In 1976 a Russian biologist named Zhores Medvedev exposed the Kyshtym disaster to the world and also brought to light other problematic science-related issues within the USSR. In his article named “Two decades of dissidence“, Medvedev begins by explaining Stalin’s mishandlings of science in his regime, specifically, he explains that Stalin supported scientists who professed to be able to achieve something extraordinary. This led Stalin to support scientists who were unqualified and had aspirations that were completely unrealistic, in response, a dissident scientist movement began. To be apart of the movement was extremely risky because it meant going against state-sanctioned science.
Khrushchev’s de-Stalinization movement allowed credible scientists to have more wiggle-room in the USSR. Though, under Krushchev’s regime the most elite of scientists were nuclear physicists and aerospace technologists, other scientists like geneticists were suppressed. Before the Kyshtym disaster, geneticists tried to warn nuclear physicists about the dangers of radiation and radioactivity on human populations. The lack of interest and scientific knowledge on radiation genetics and radiology became extremely evident in the aftermath of the disaster, when no one knew how to treat those who were affected by radiation from the blast. This forced the Soviet government to legalize genetics for radiology, radiobiology, and medicine.

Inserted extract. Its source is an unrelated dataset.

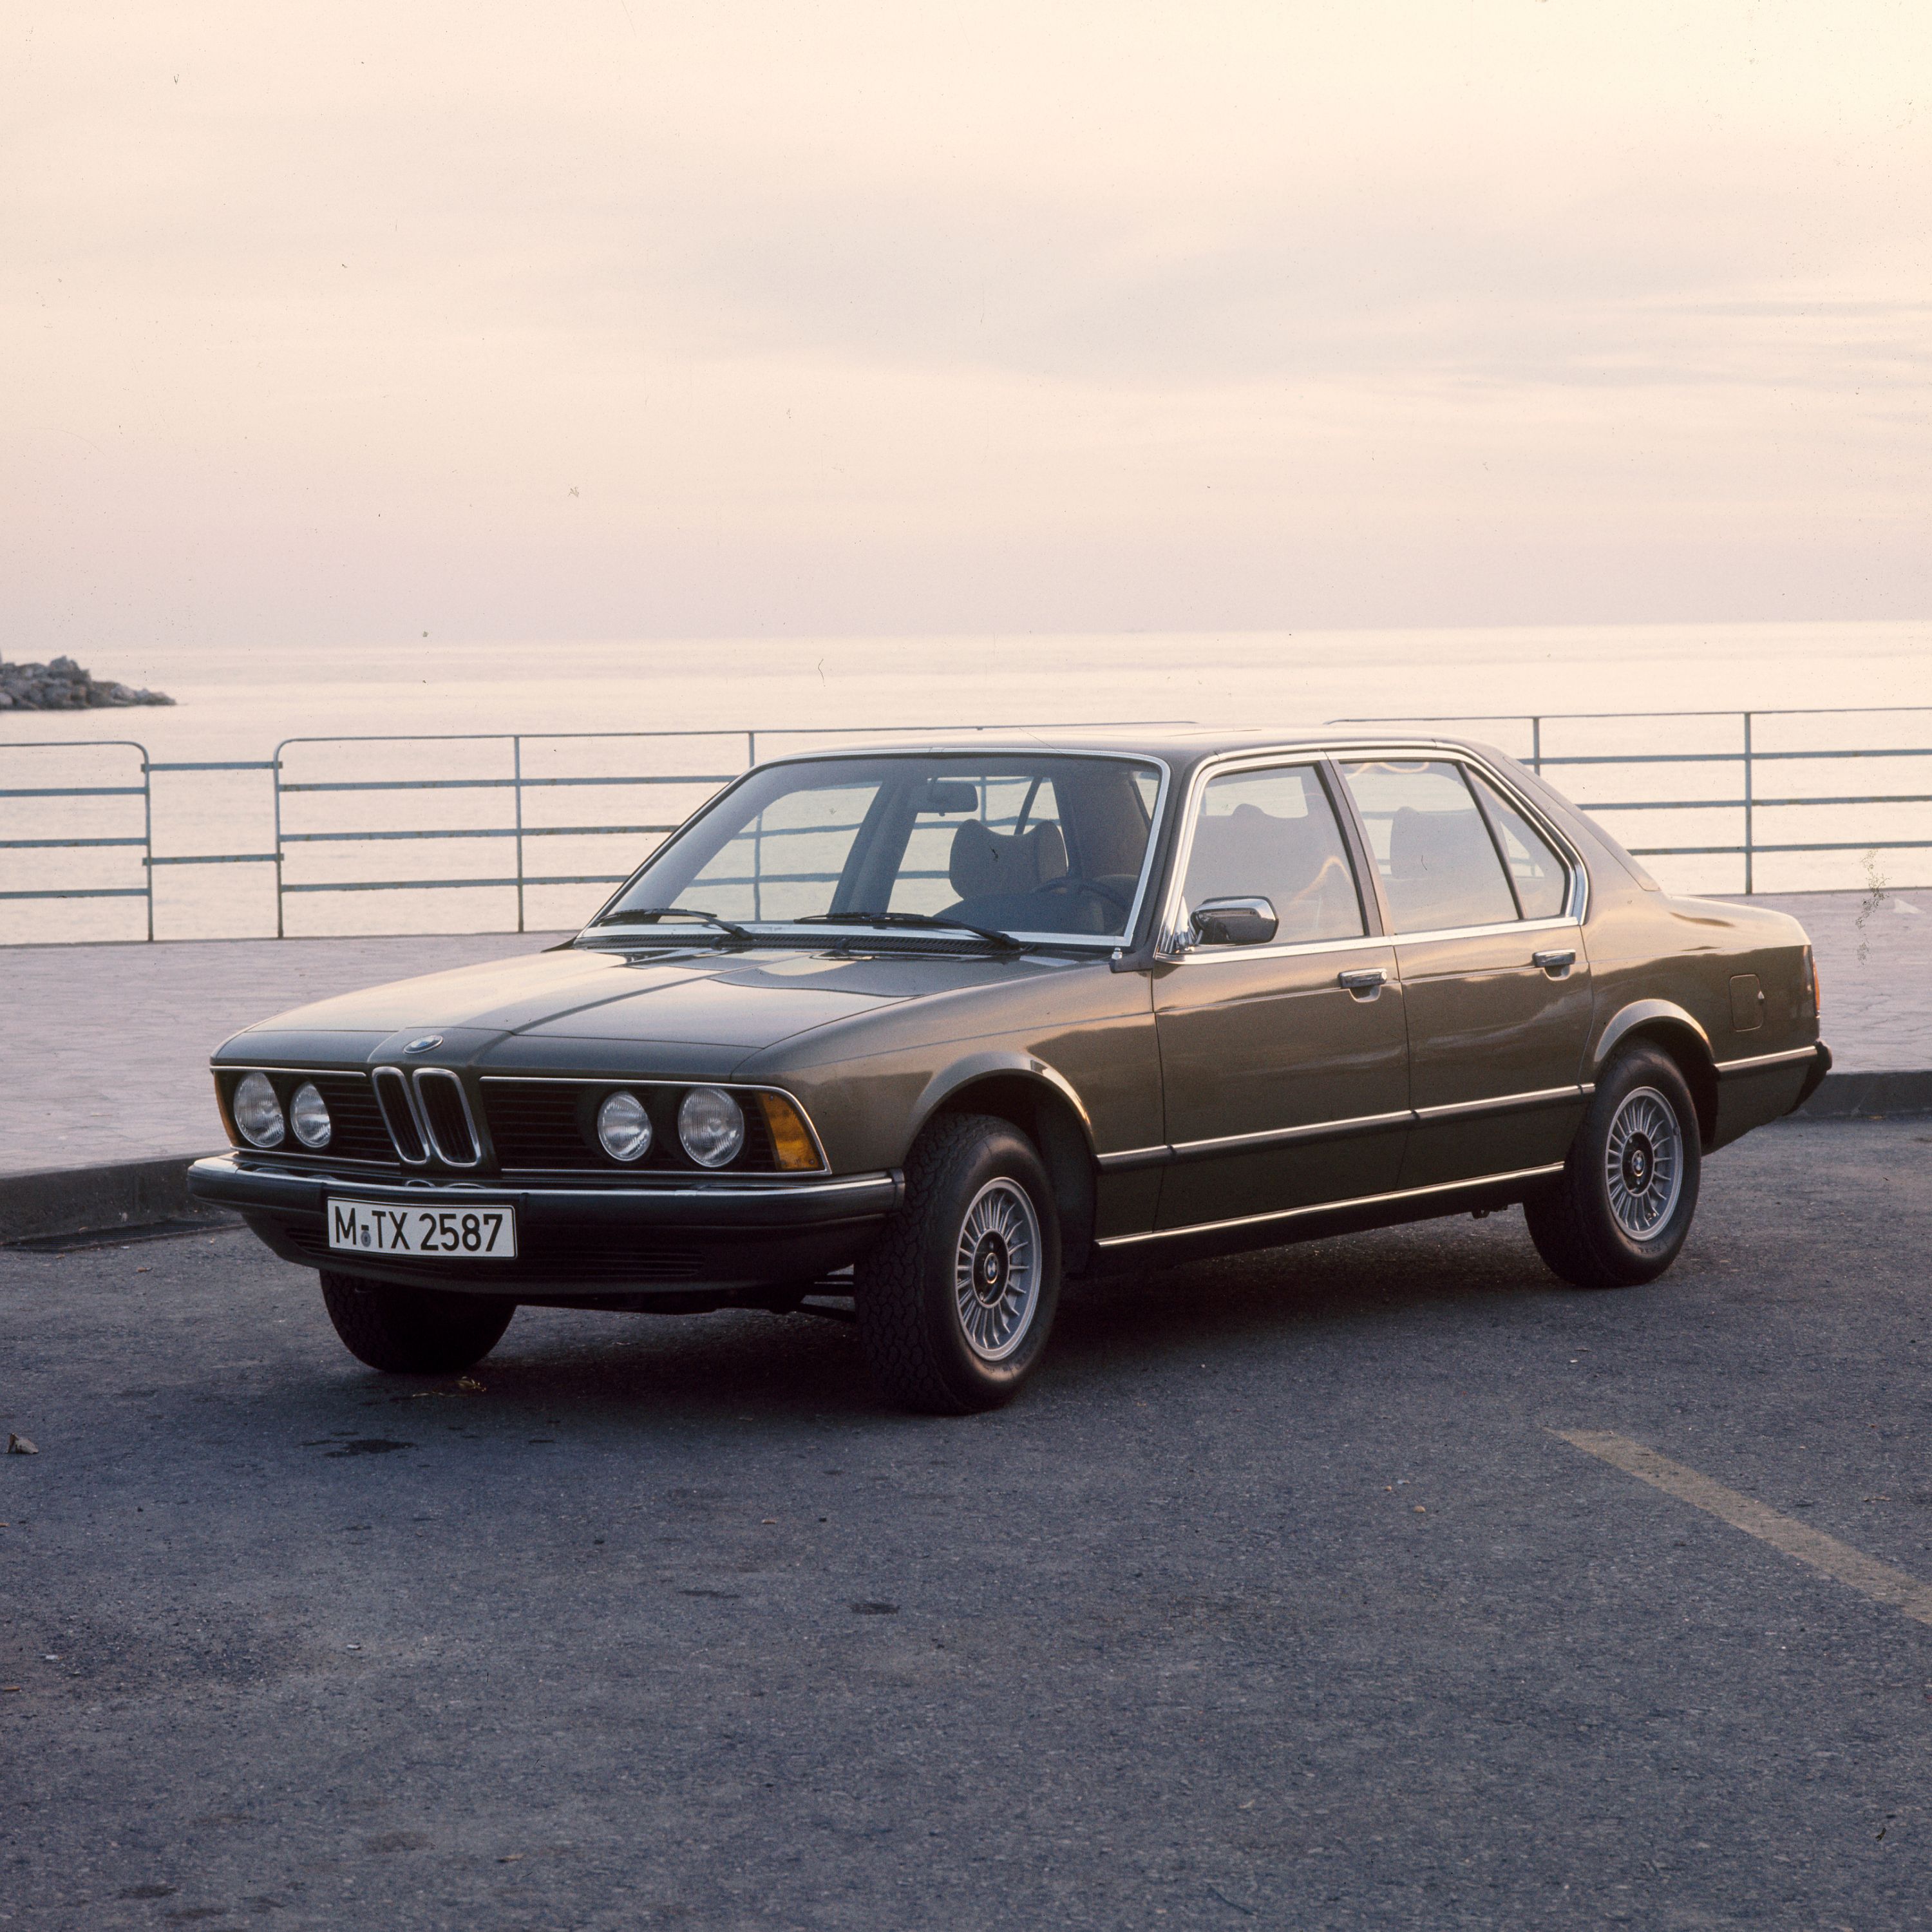 BMW 7er Limousine E23 geparkt am Meer mit einer Steinmole im Hintergrund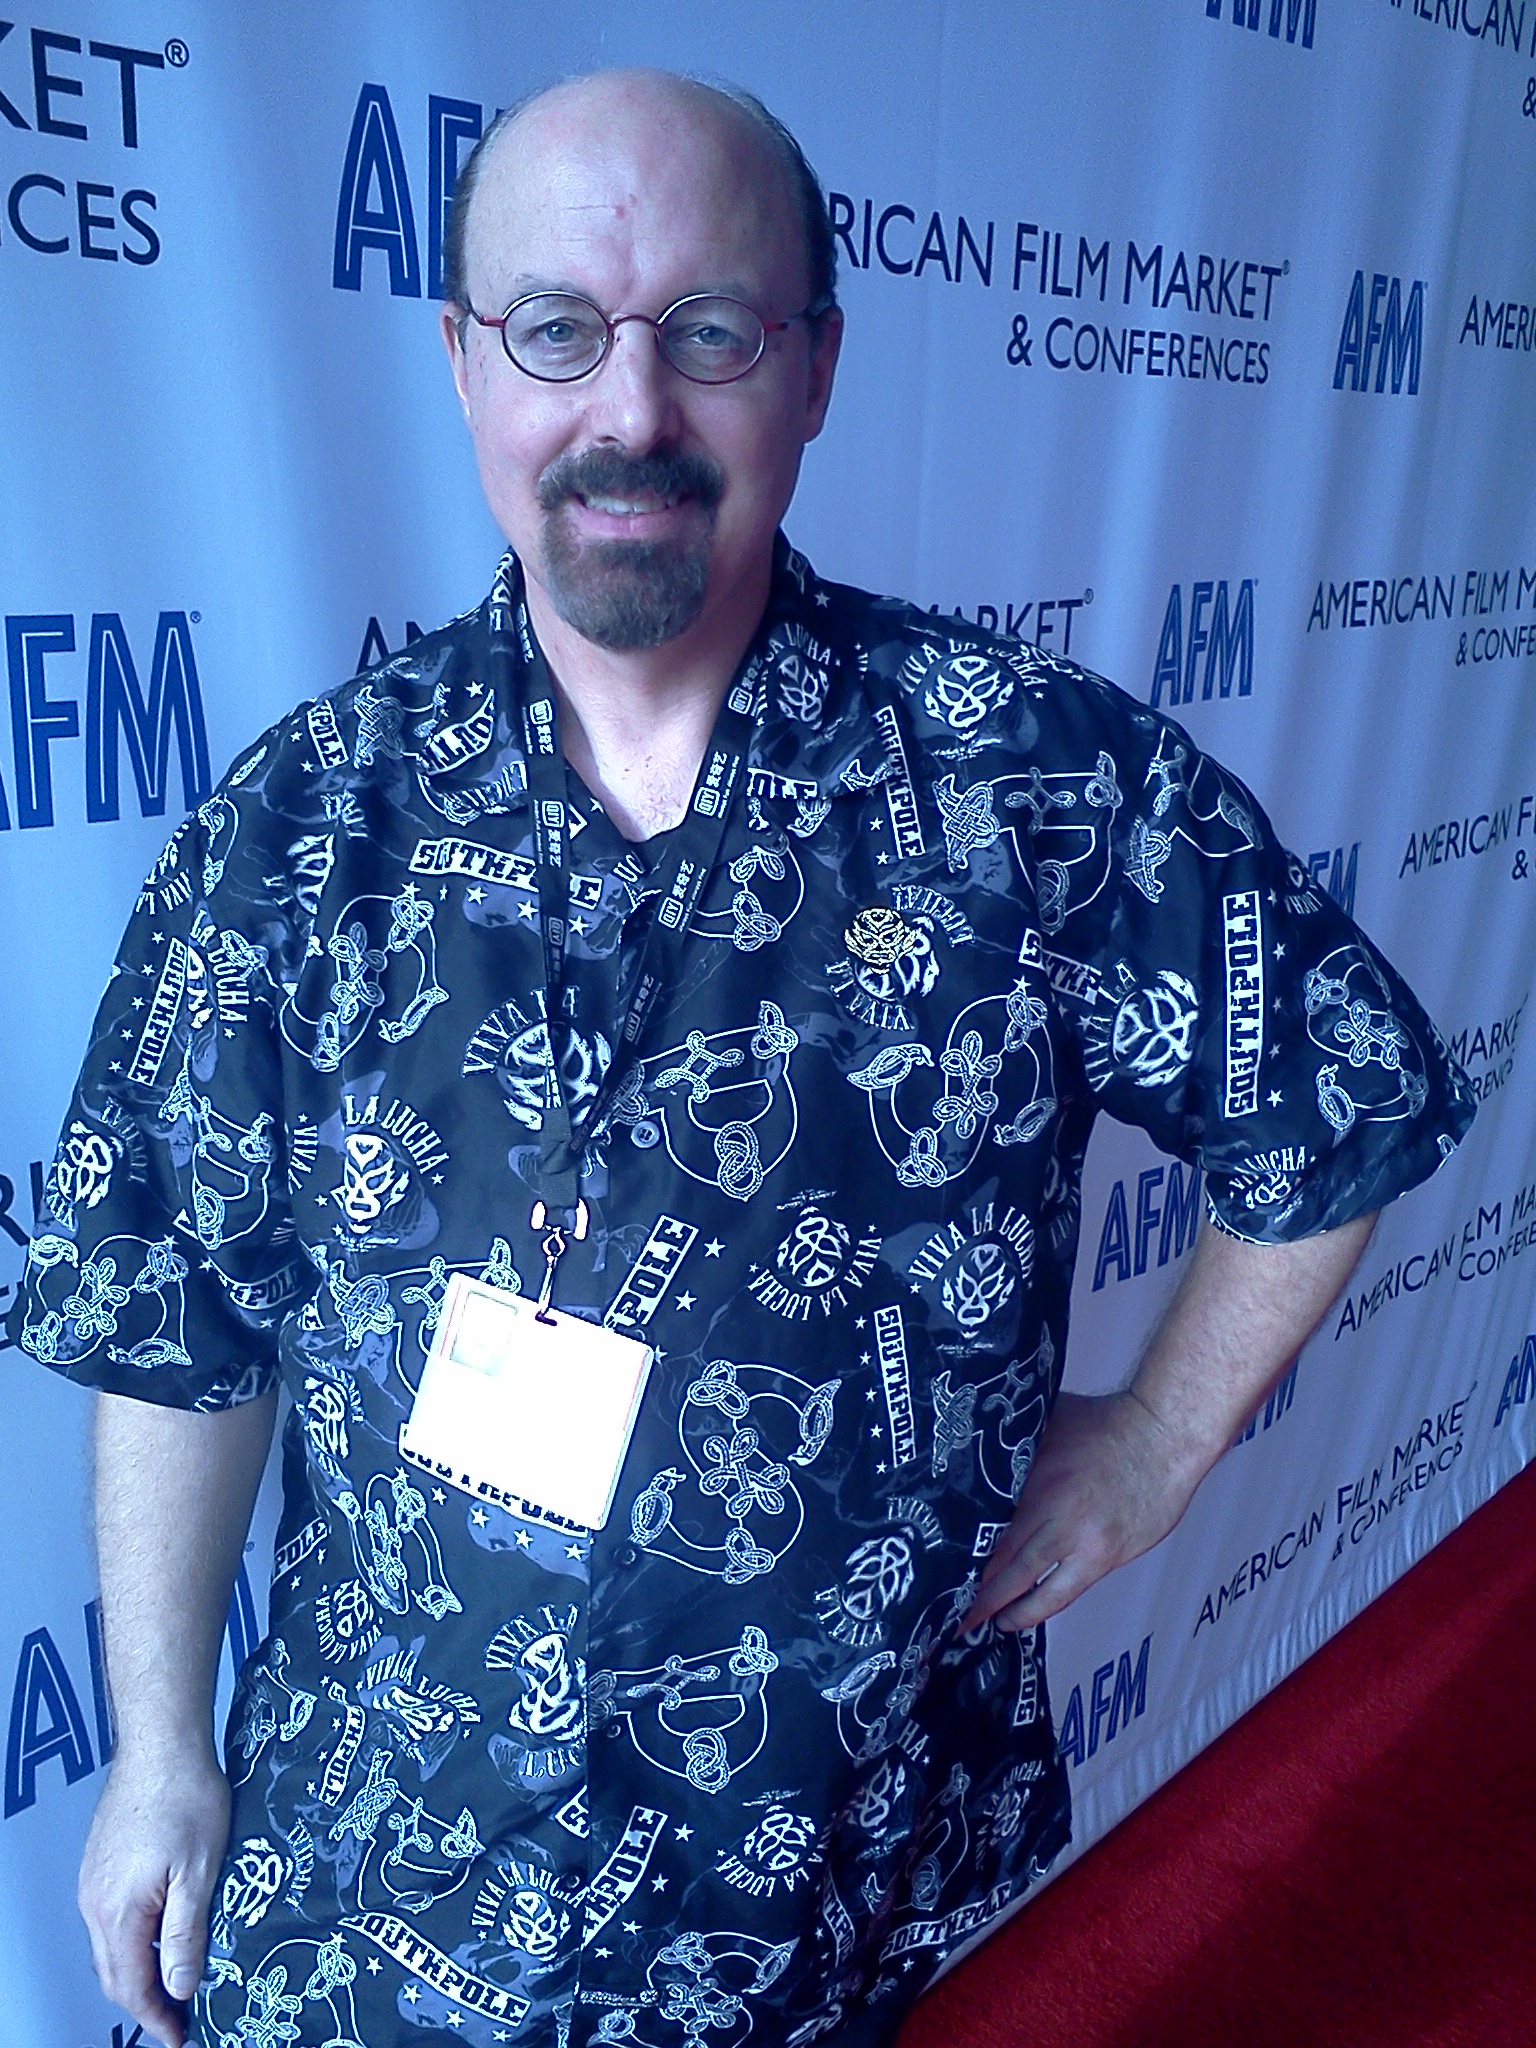 At 2014 AFM Conference, Santa Monica, CA

The Kyshtym disaster is an episode in both world history and Soviet history on how the nuclear hubris of regimes can cost the lives of hundreds of people, and how its effects are felt after decades after an instantaneous blast. We may never know the true number of innocent people who were affected by the disaster, adding to the list of the many secrets from the Soviet Union that has continued to baffle the modern world.